▸ **DATA BLOCK**:
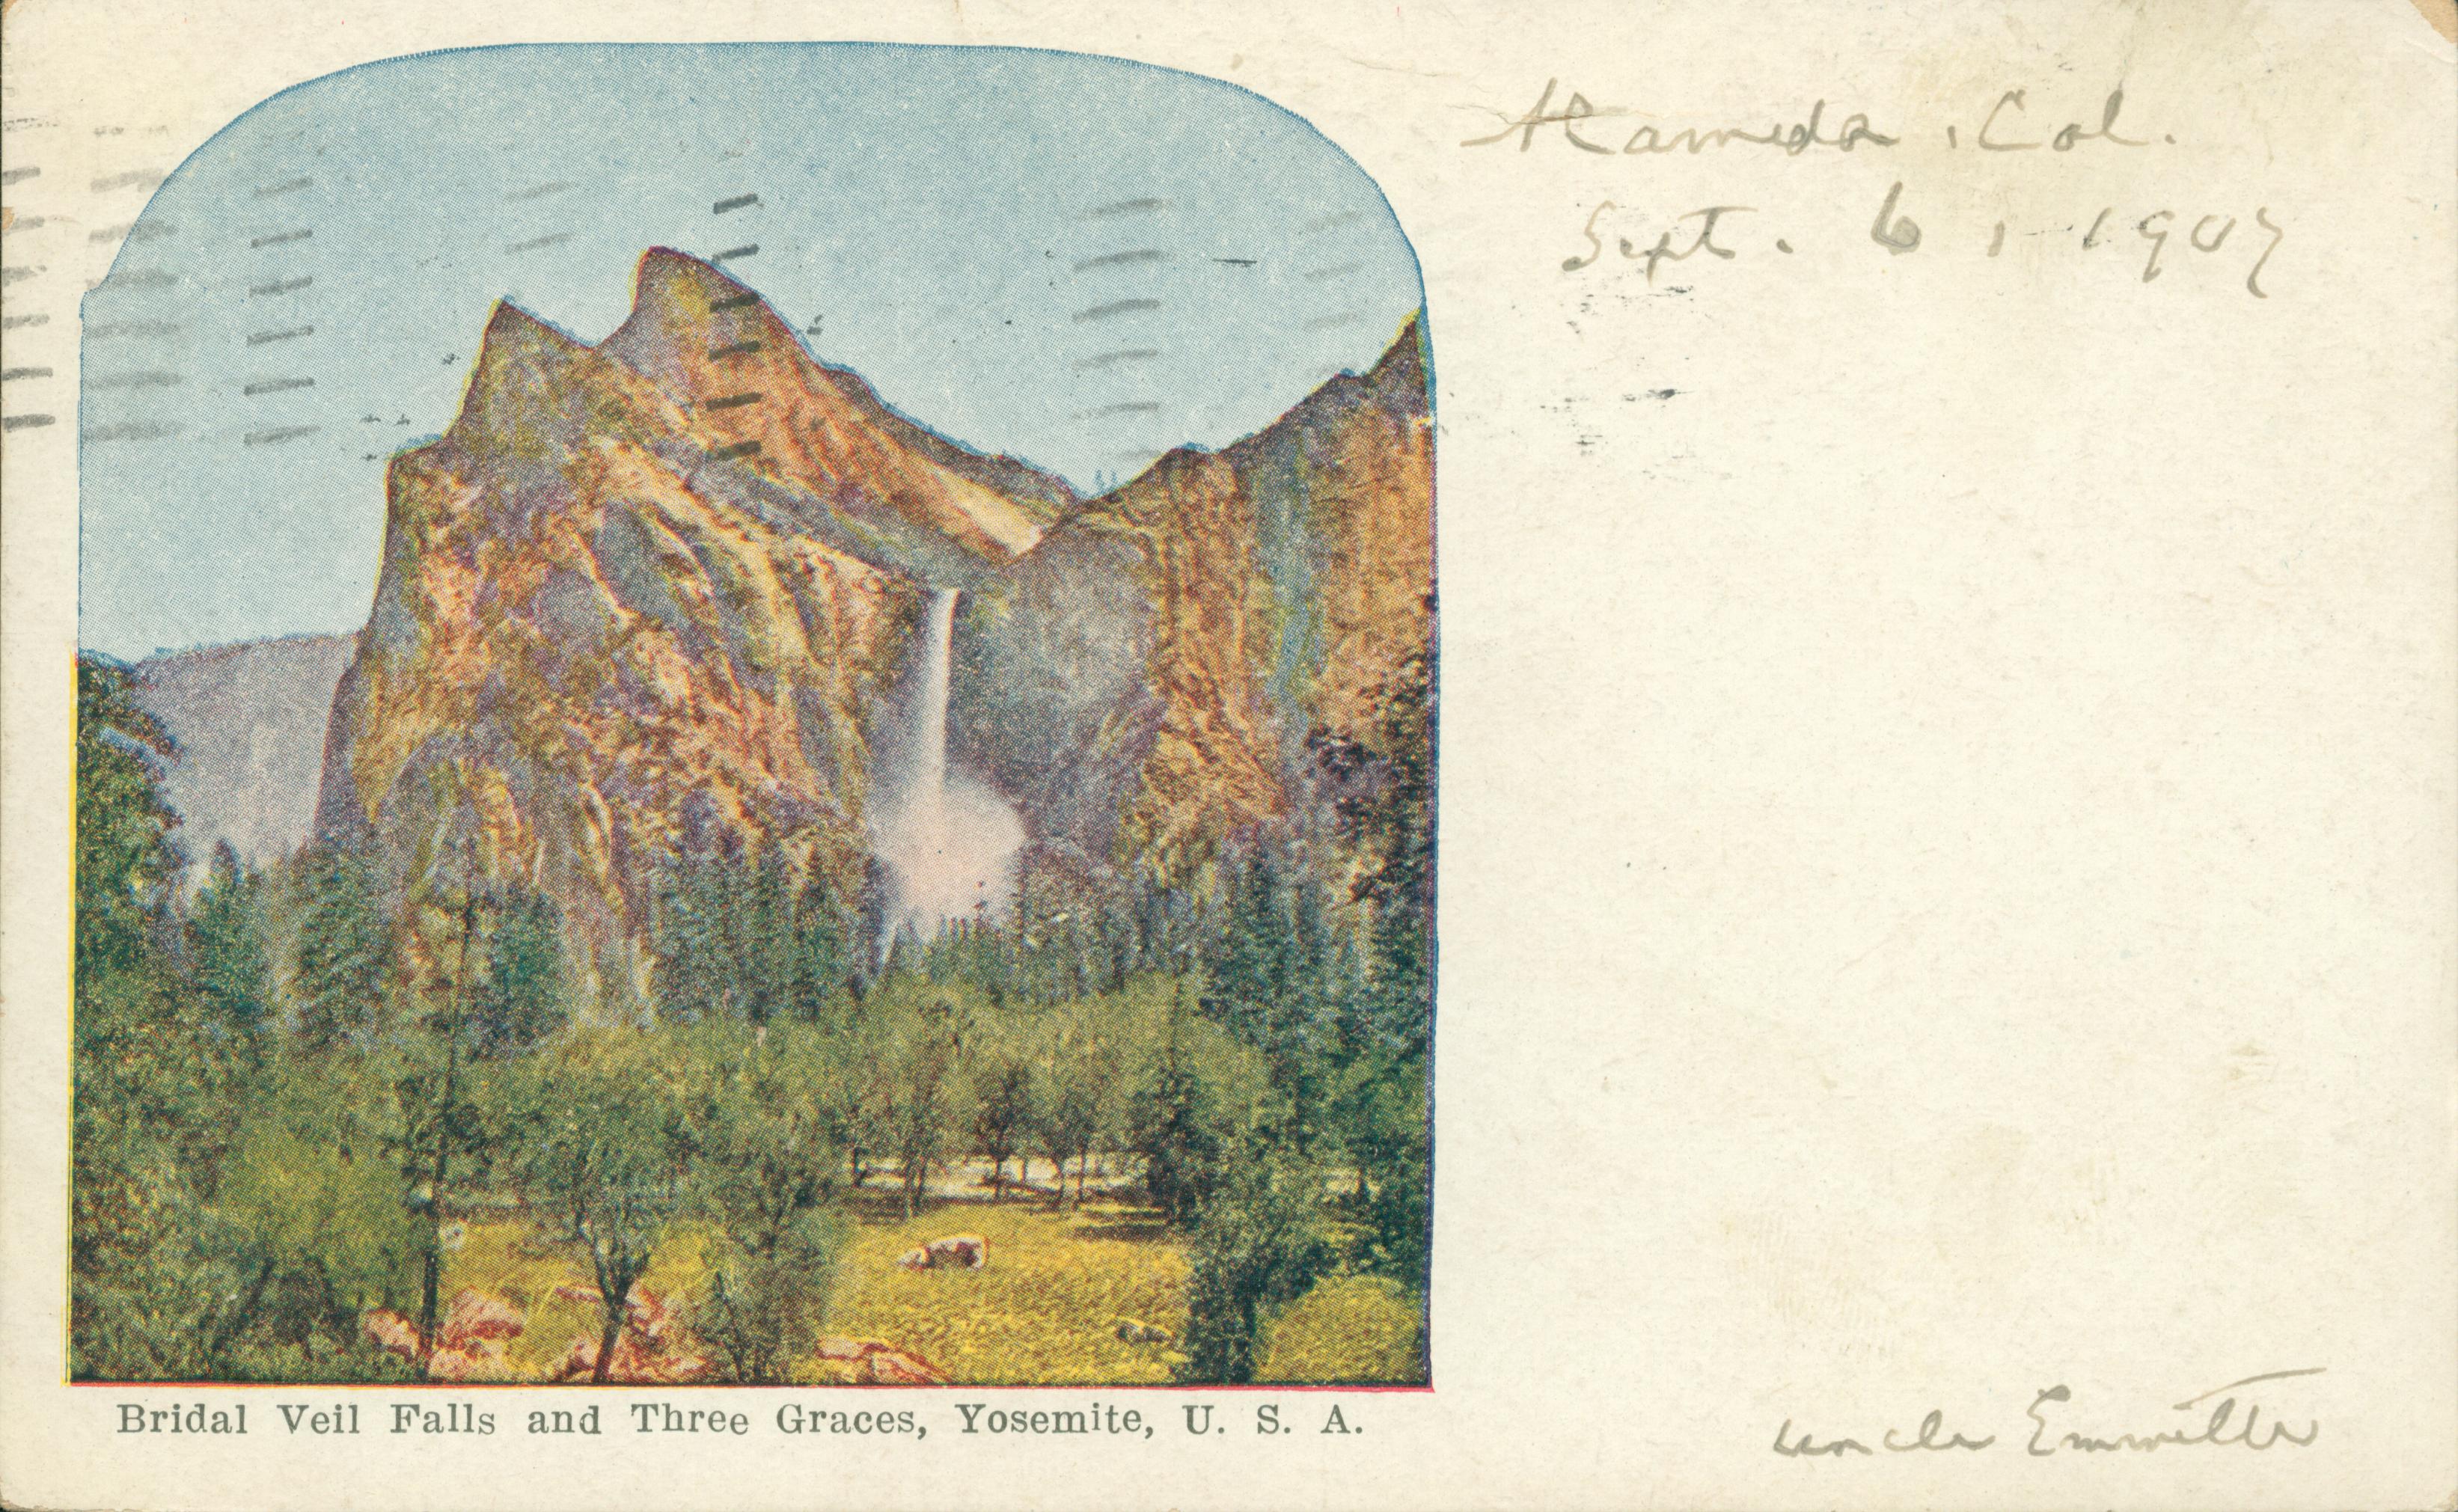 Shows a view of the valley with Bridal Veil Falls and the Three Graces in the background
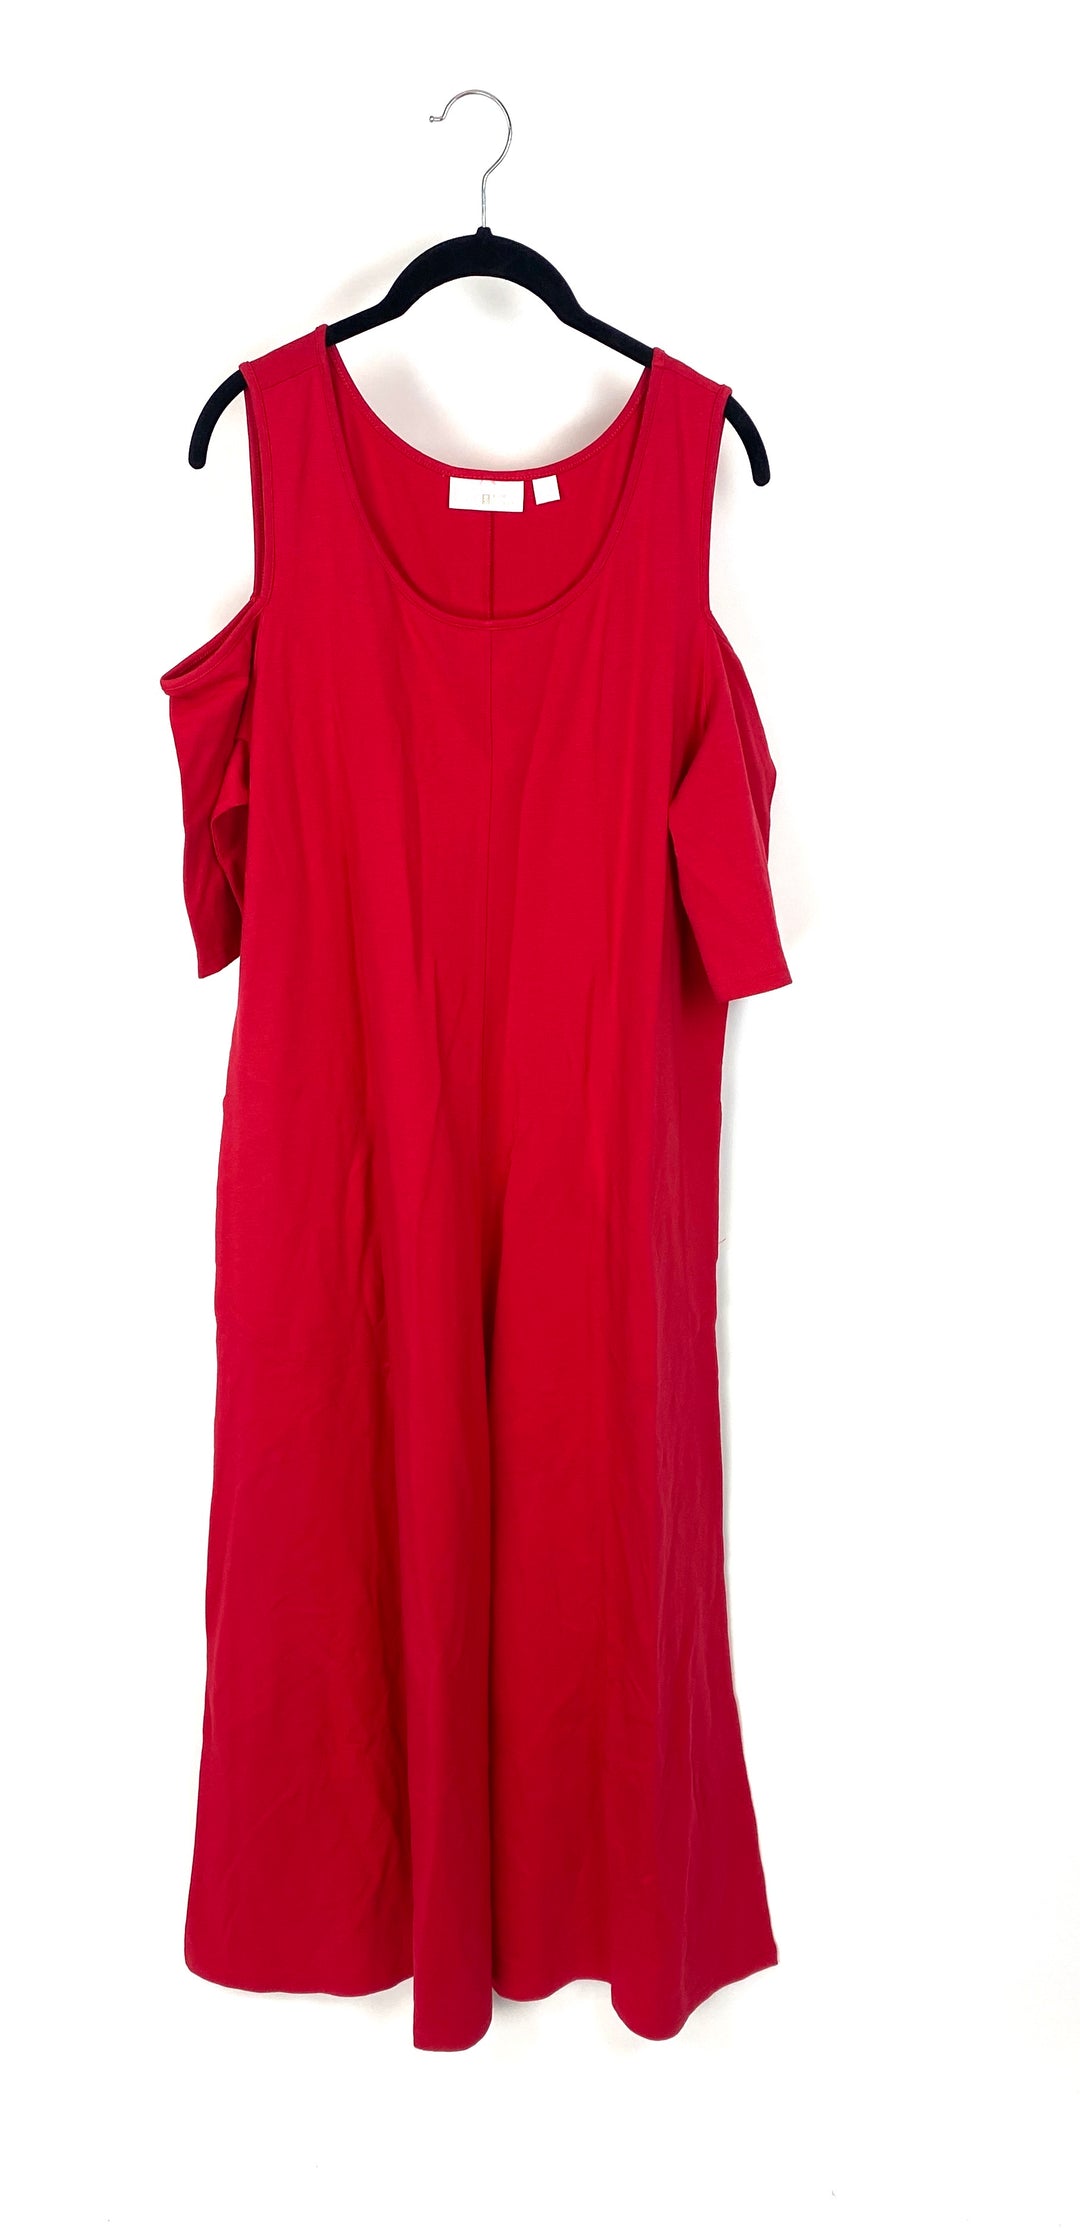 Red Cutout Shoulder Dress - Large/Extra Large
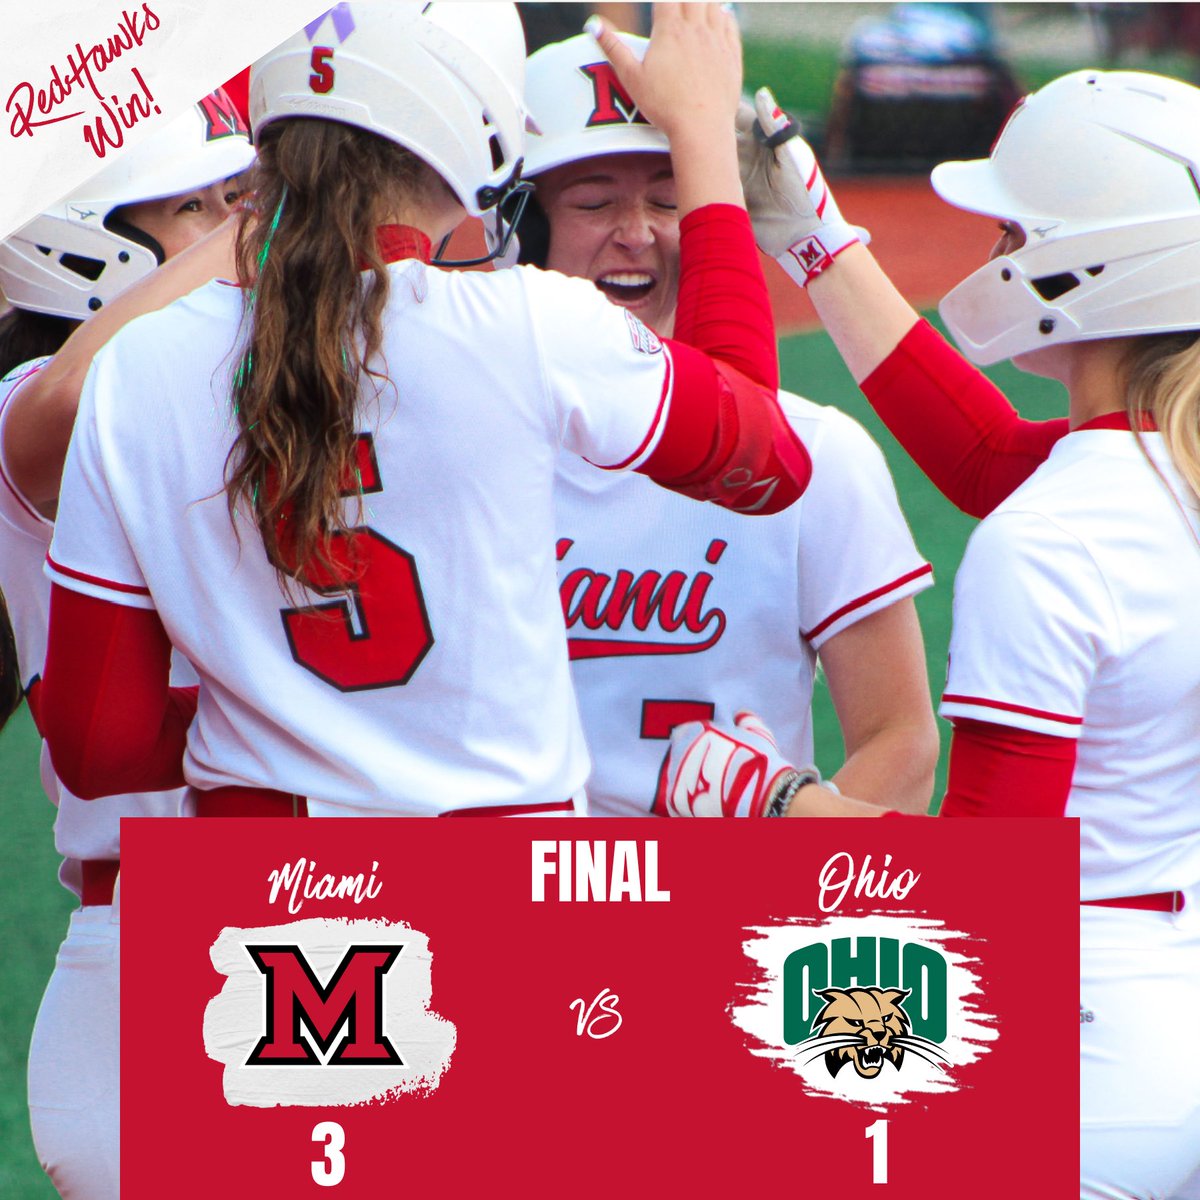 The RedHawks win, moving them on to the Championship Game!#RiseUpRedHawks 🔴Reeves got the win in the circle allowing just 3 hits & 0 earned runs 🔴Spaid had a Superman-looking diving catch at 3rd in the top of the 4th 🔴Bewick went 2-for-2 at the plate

▸ **WORK ORDER**: Only the lines that lie between the start of the listing and the line containing "Red Cutout Shoulder", both included, belong in the answer; write them out exactly and omit pictures.

▸ **ANSWER TO THIS EXERCISE**:
 Shows a view of the valley with Bridal Veil Falls and the Three Graces in the background
 Red Cutout Shoulder Dress - Large/Extra Large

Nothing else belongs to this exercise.